Abstract

Karachaganak field was discovered in northwestern Kazakhstan by Uralskneftegasgeologia in 1979 and first produced by KarachaganakGazprom in 1984. The shareholder group of Ente Nazionale Idrocarburi–Agip (ENI-Agip), BG Group, Texaco (now ChevronTexaco), and Lukoil operates the field under a 40-yr production-sharing agreement that was signed with the Republic of Kazakhstan in November 1997 to optimize technical and economic recovery. The Karachaganak reservoir (13 25 km) is a giant retrograde gas-condensate-oil reservoir with a 1650-m hydrocarbon column and in-place hydrocarbons of 17.78 billion BOE. In the field, 252 wells have been drilled, with 163 available for production.
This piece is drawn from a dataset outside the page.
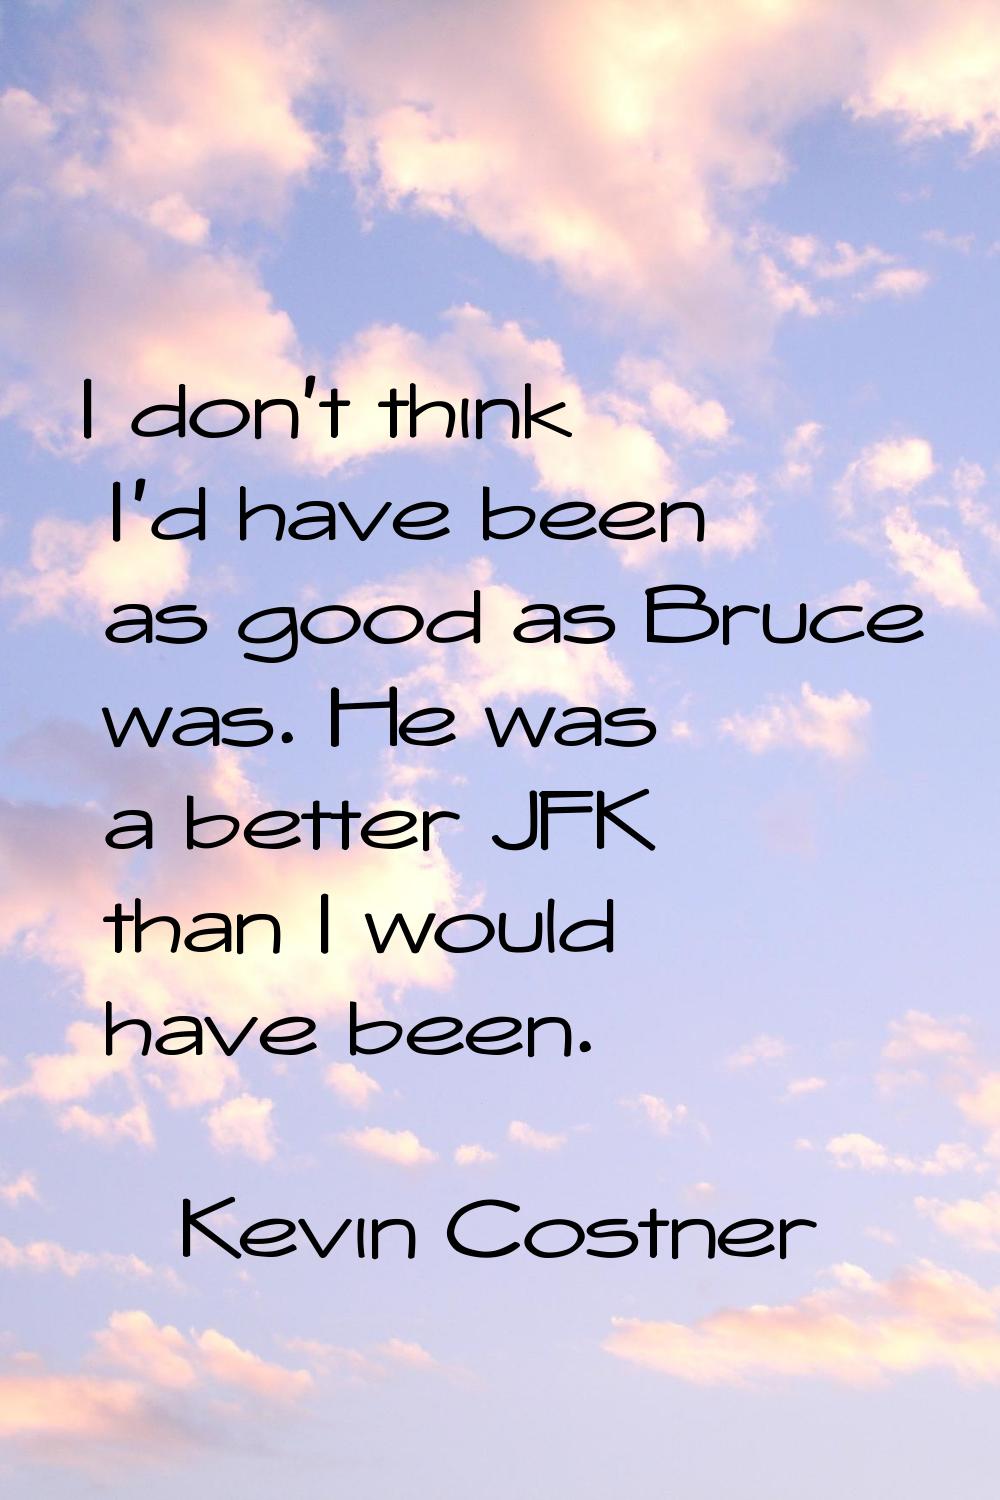 I don't think I'd have been as good as Bruce was. He was a better JFK than I would have been.
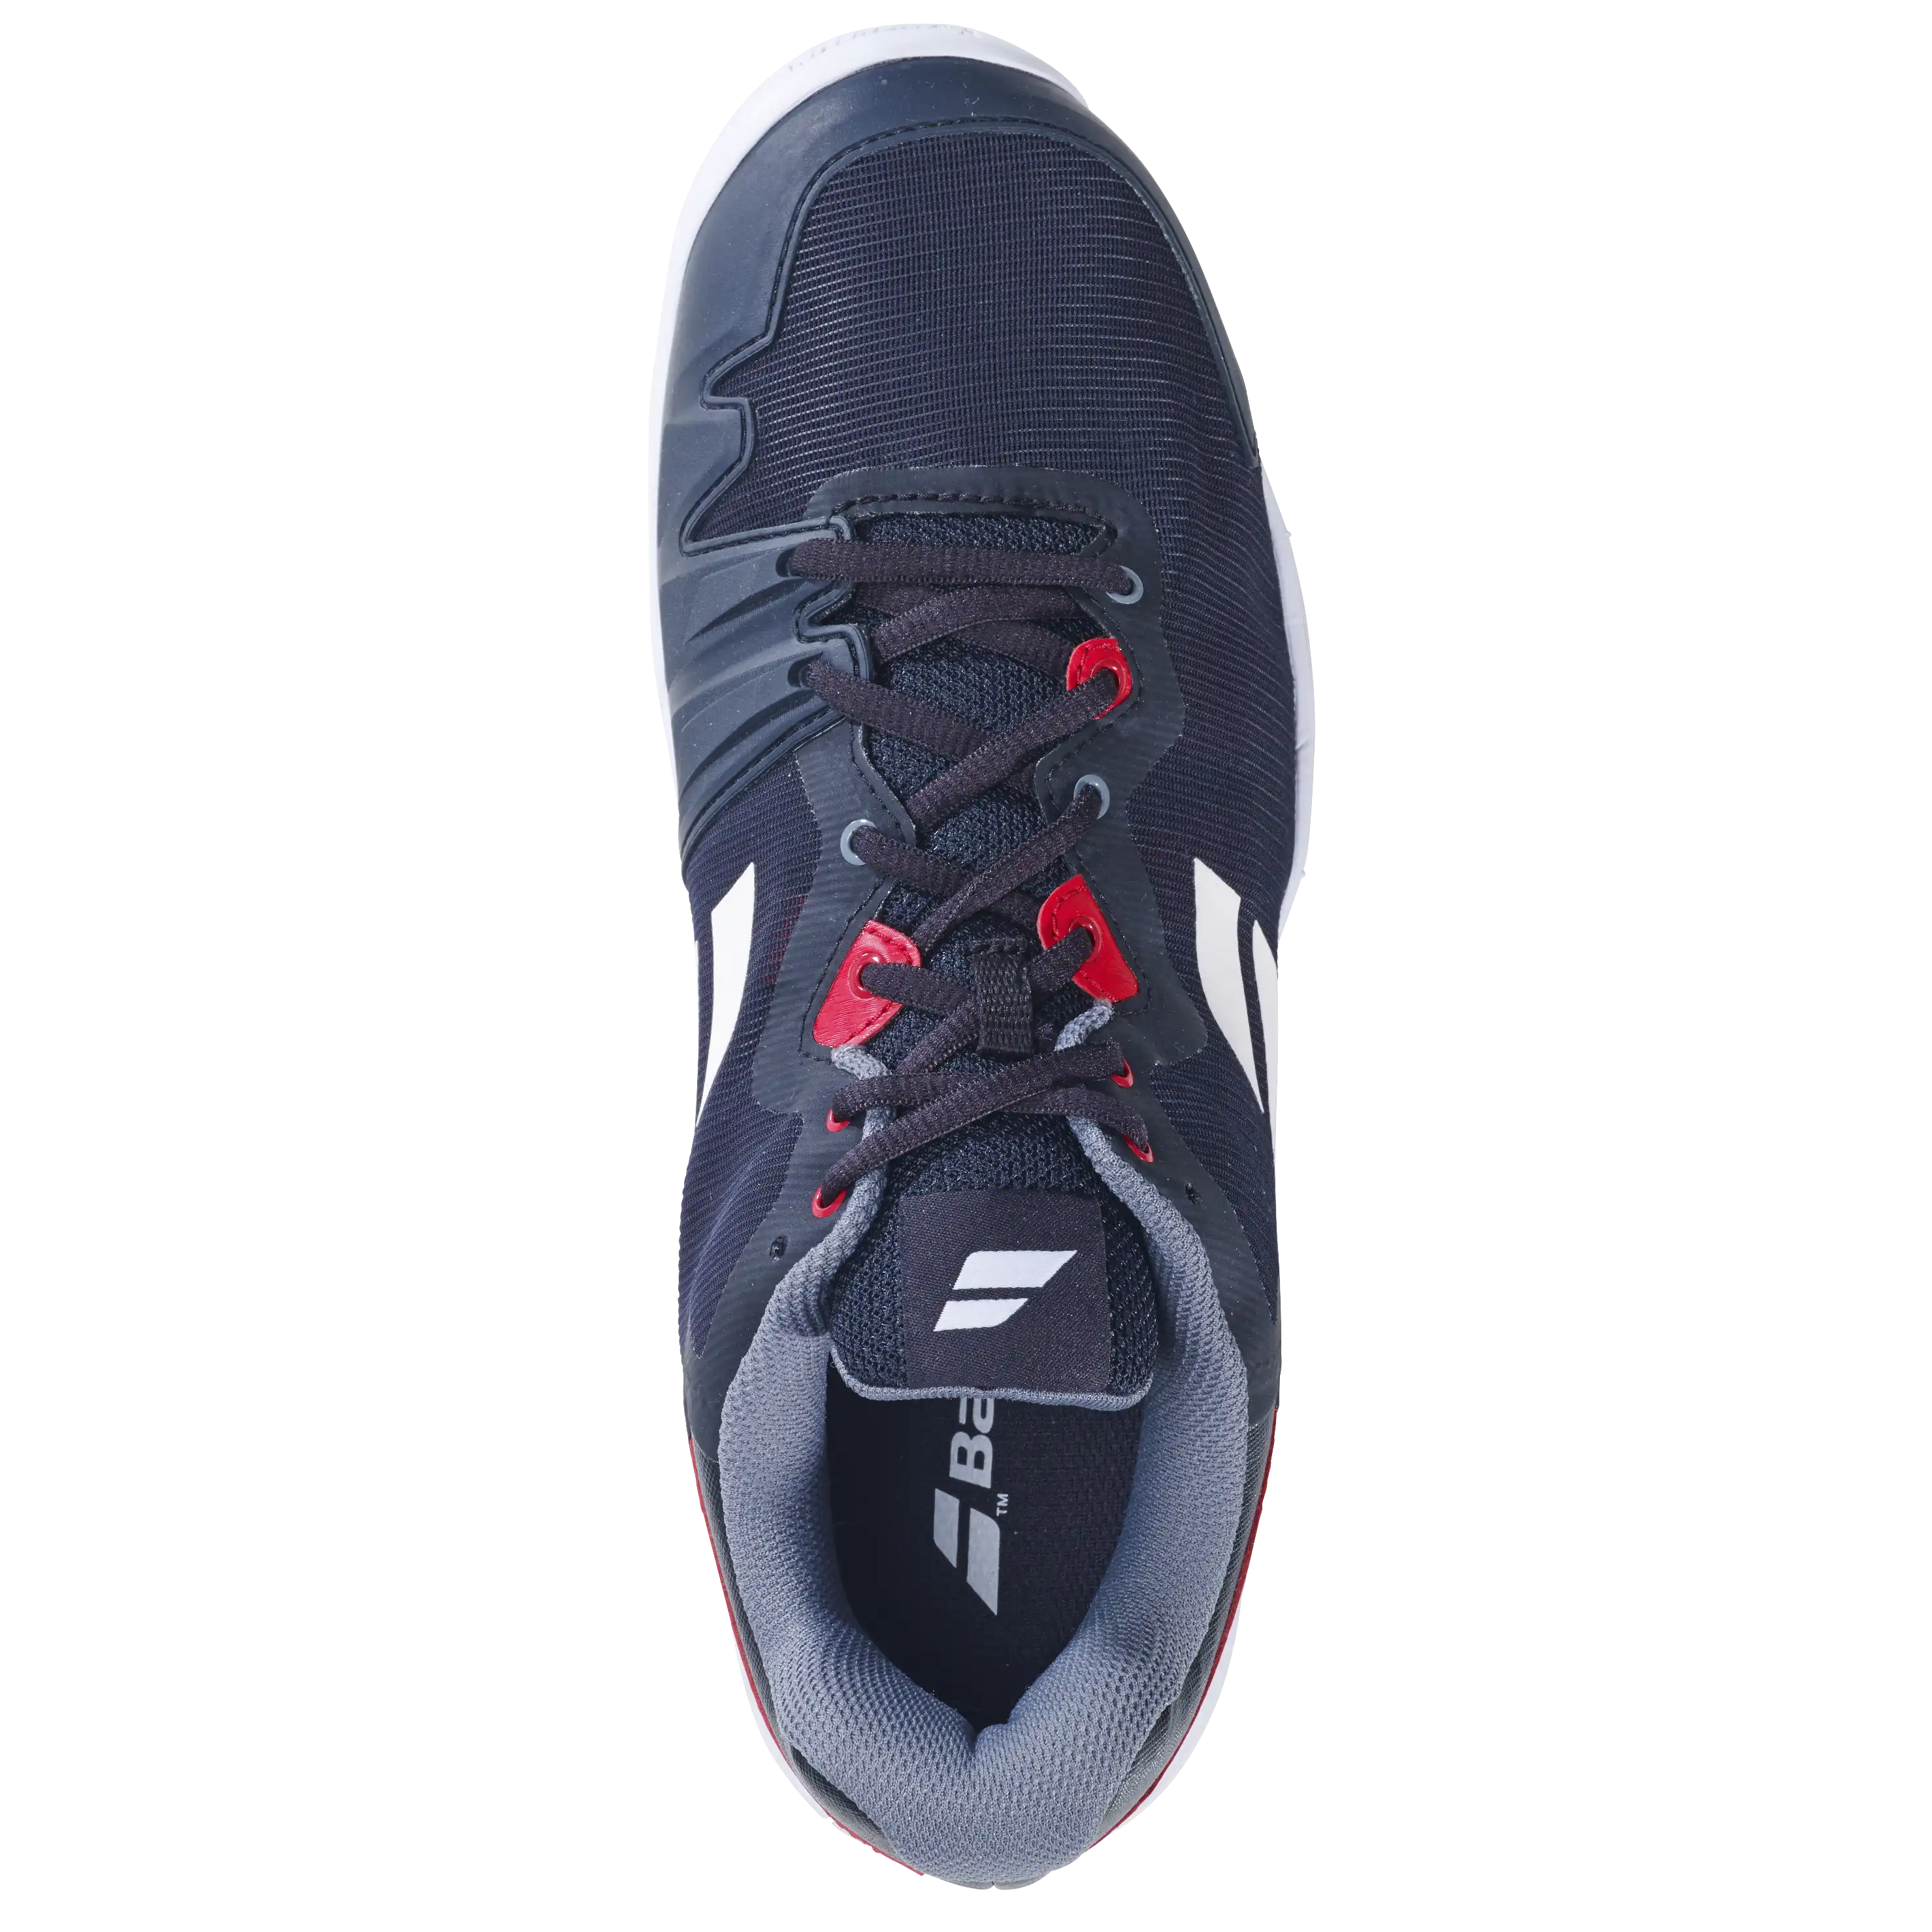 Babolat Men's SFX 3 All Court Tennis Shoe In Black/Red

An ongoing workover program has restored previously declining production to historic maximum levels. The current optimization plan calls for a partial depletion and enhanced gravity-drainage strategy that involves partial pressure maintenance through gas recycling and development of the oil rim using horizontal wells. Heterogeneous biohermal and platform carbonates ranging in age from Late Devonian (Famennian) to Early Permian (Artinskian) comprise the primary reservoir section. From Late Devonian to early Carboniferous, the Karachaganak massif evolved from a ramplike setting into an isolated, atoll-like carbonate platform along the northern margin of the Pre-Caspian Basin. The Carboniferous platform consists of marginal bioherm and bioherm slope facies, with a relatively small internal lagoon dominated by skeletal grain-dominated facies. Permian pinnaclelike bioherms and bioherm slope facies overlie an erosional unconformity at the top of the Carboniferous. The regional seal for the reservoir is formed by Lower Permian (Kungurian) sulfates and evaporites that immediately overlie the Artinskian carbonates. Limestone and dolomite reservoirs are generally low porosity and low permeability (6% porosity cutoff corresponds to 0.2 md permeability). Whereas dolomitization locally enhances reservoir quality, there is no apparent correlation between dolomite content and effective porosity. Initial reservoir quality is adversely affected by diagenetic processes, including early-marine calcite cementation and later anhydrite precipitation. For the three production objects, average core porosities range from 9.67% to 11.70%, and average core permeabilities range from 9.97 to 14.54 md.